To rebuild the database, we need to first download available versions of the SARS-Cov-2 genome. Visit https://www.ncbi.nlm.nih.gov/labs/virus/vssi and click Search by virus
. In the search box type SARS-Cov-2
and click on taxid:2697049
. A new page will appear with the list of genome sequences. On the left panel, locate the tab Nucleotide Completeness
and check the box for complete
. The list of genome sequences should automatically update, keeping on those genomes that are complete. On the top-right, click the button Download
. You will need to download two files. First, under Sequence data (FASTA Format)
download Nucleotide
using the default options that appear. Then, under Current table view result
download CSV format
using the default options that appear. These downloads will result in the following two files.
sequences.csv
sequences.fasta
To build the database of mutations, run the following command in the terminal. The script may take approximately an entire day to complete.

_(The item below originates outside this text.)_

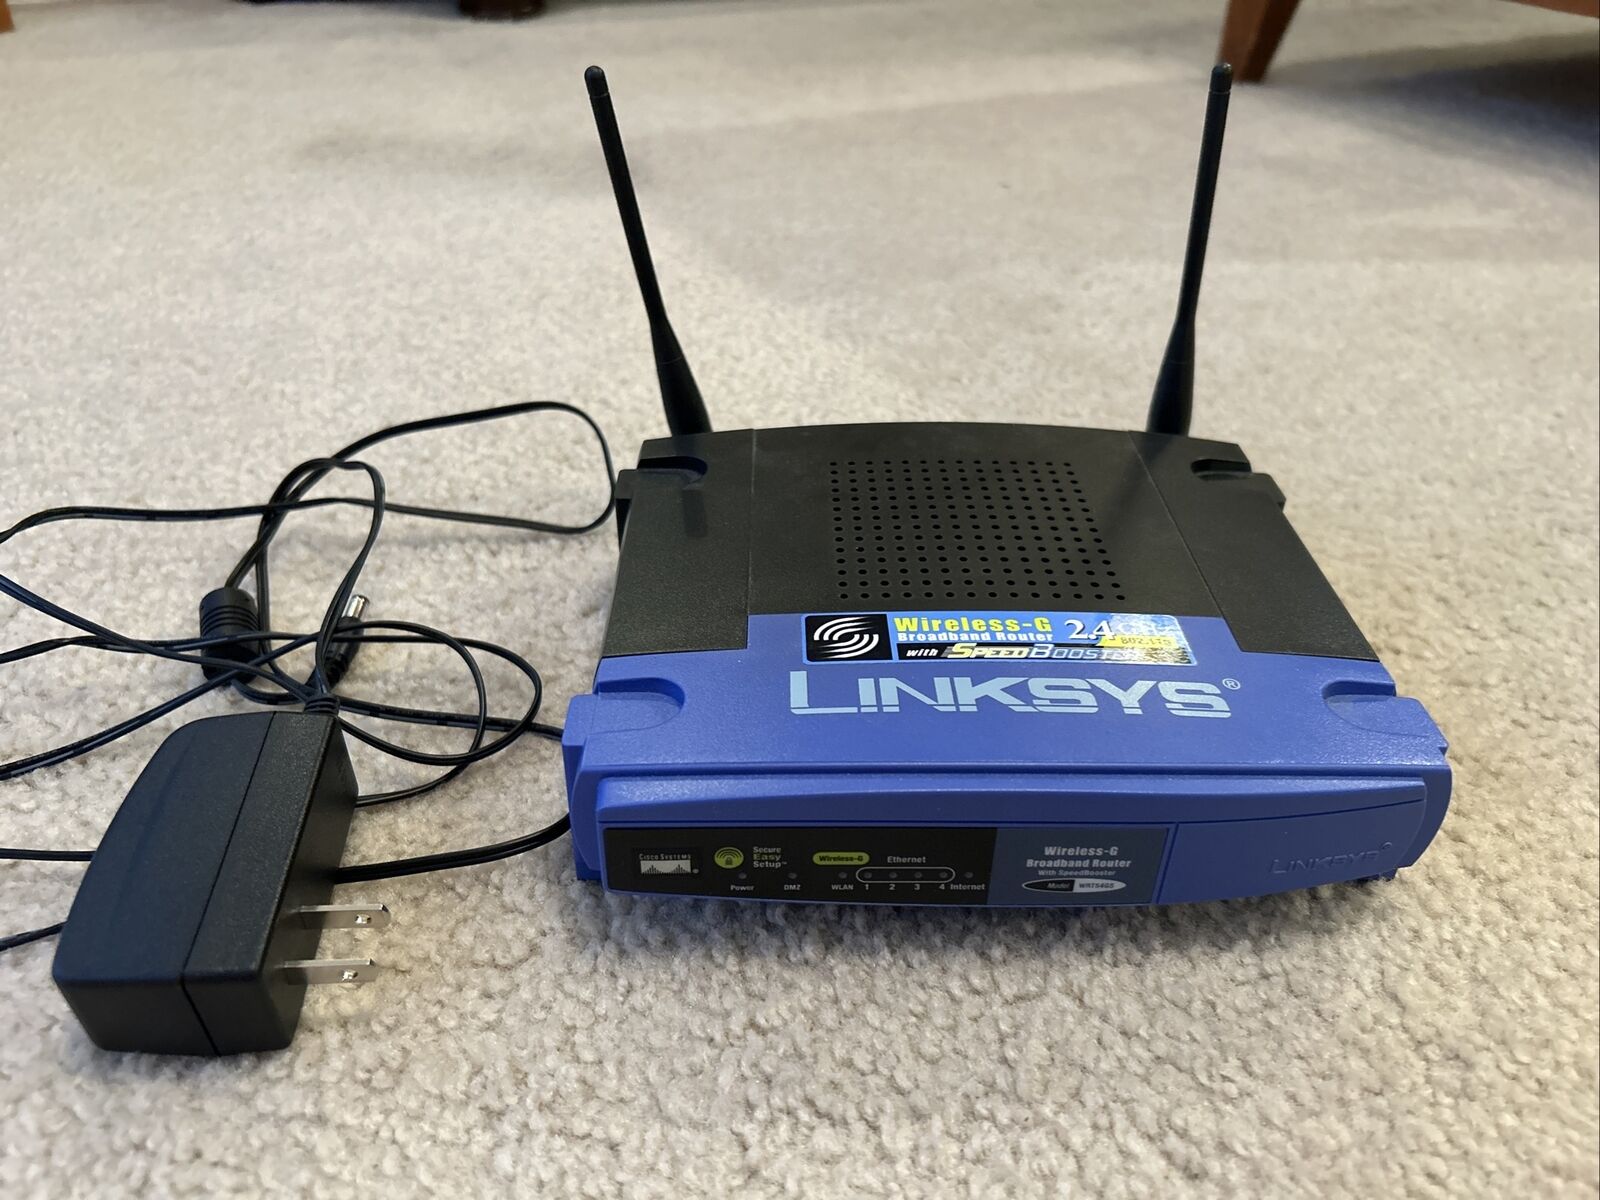 Linksys WRT54G Wireless-G 2.4 Ghz Broadband 4PORT 802.11g Router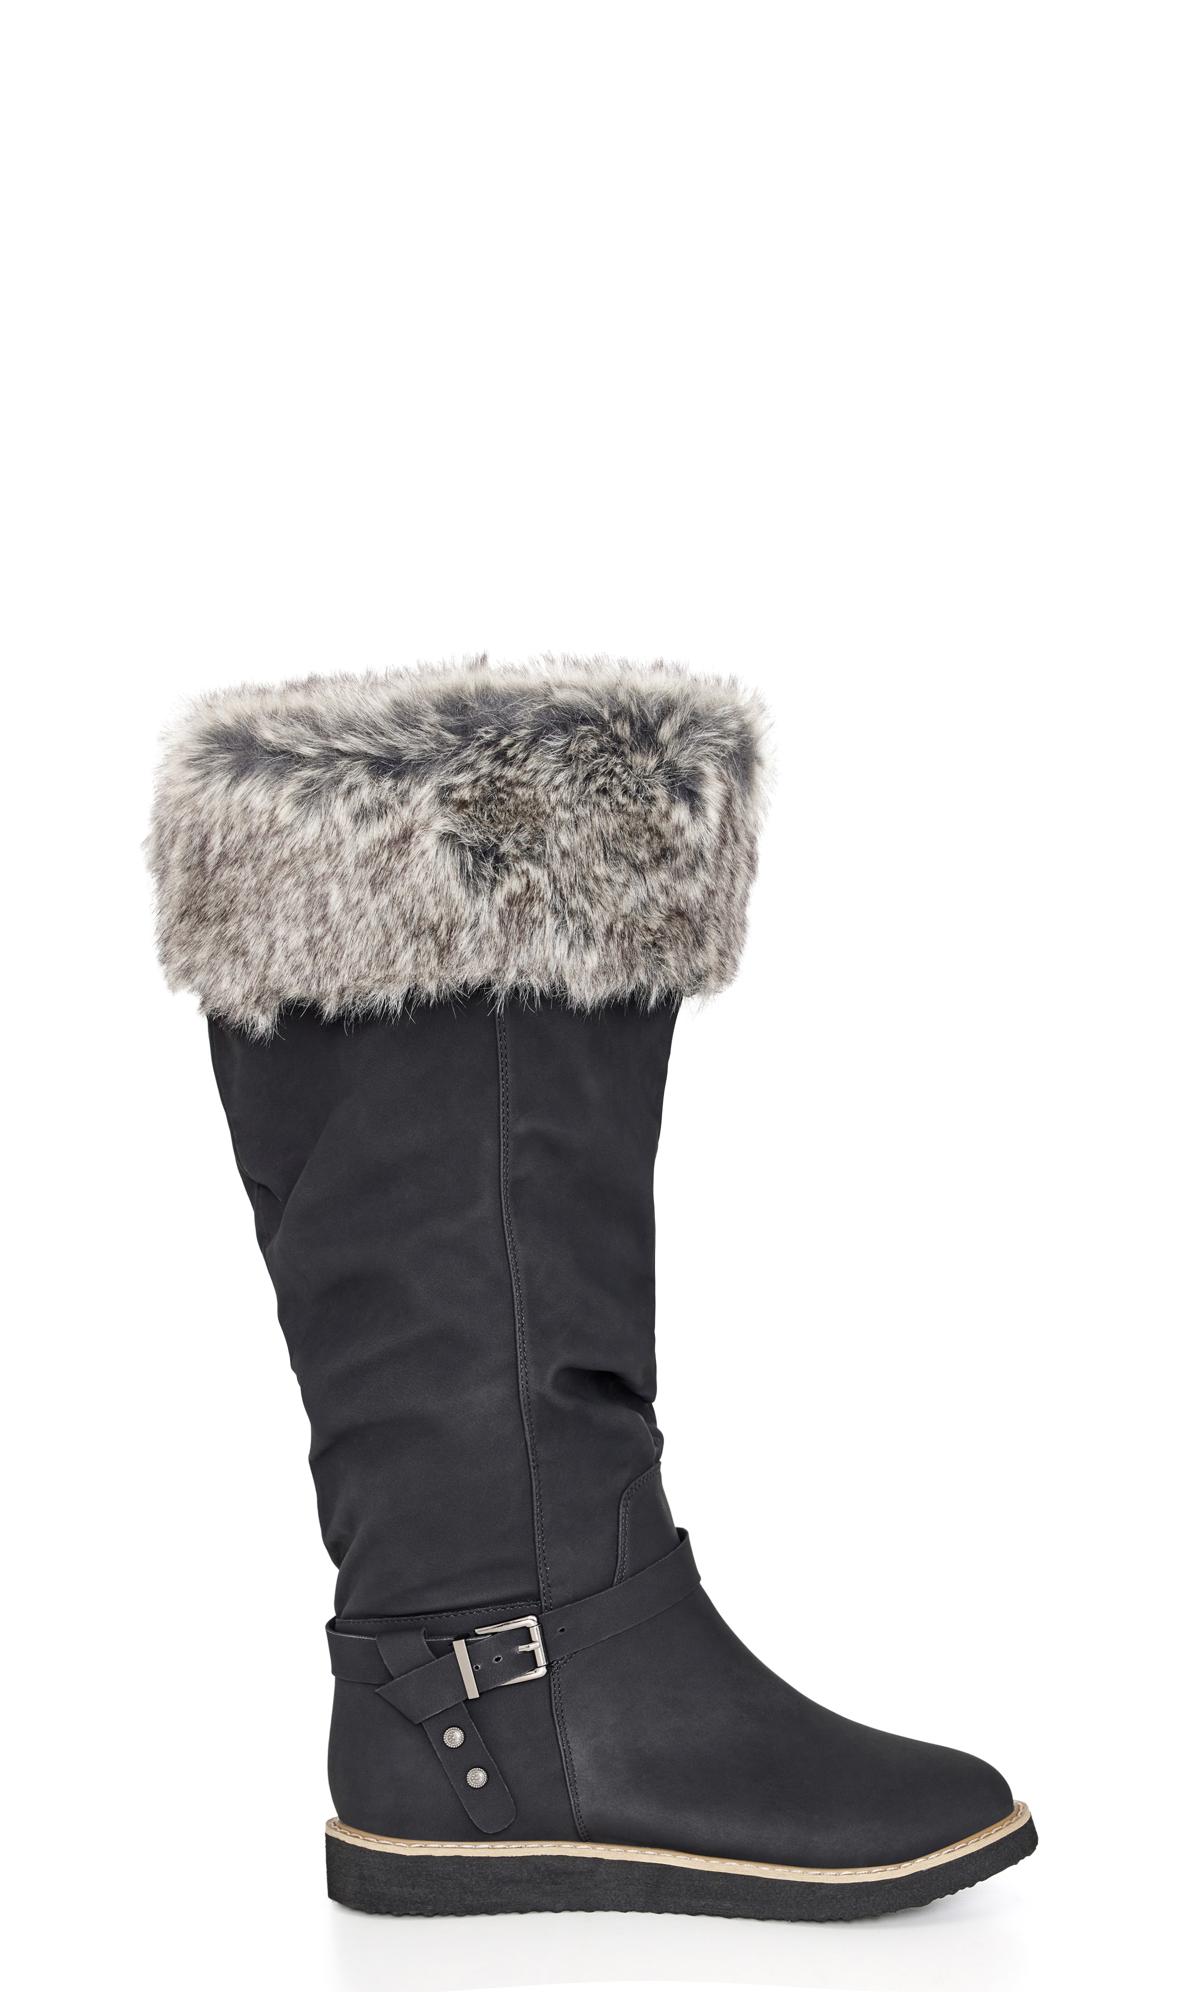 Evans Black Faux Fur Lined Knee High Snow Boots 2

python3 mutations_parallel.py # This script does the same computations as mutations.py distributed across multiple CPU cores
The script saves the results in a file called mutations.csv
The file mutations.csv
list the point mutations observed in the SARS-Cov-2 genome relative to the reference genome NC_045512
. Each point mutation is represented as a symbol, a number, and another symbol. The first symbol represents the original nucleotide according to the reference genome. The number represents the position of the mutation in the reference genome. The last symbol represents the nucleotide after the mutation. Each mutation is listed with the earliest date it is observed along with the accession code indicating the genome where the mutation first occurred.
There are two limitations with this analysis. The first limitation is that our analysis excludes insertions and deletions. This is because a preliminary analysis revealed that insertions and deletions occur almost exclusively at the ends of the genome, making it unclear if these insertions and deletions are sequence artifacts or actual mutations. The other limitation is that there is no way to determine if the remaining point mutations are actual mutations or sequencing error. Keep these limitations in mind going forward.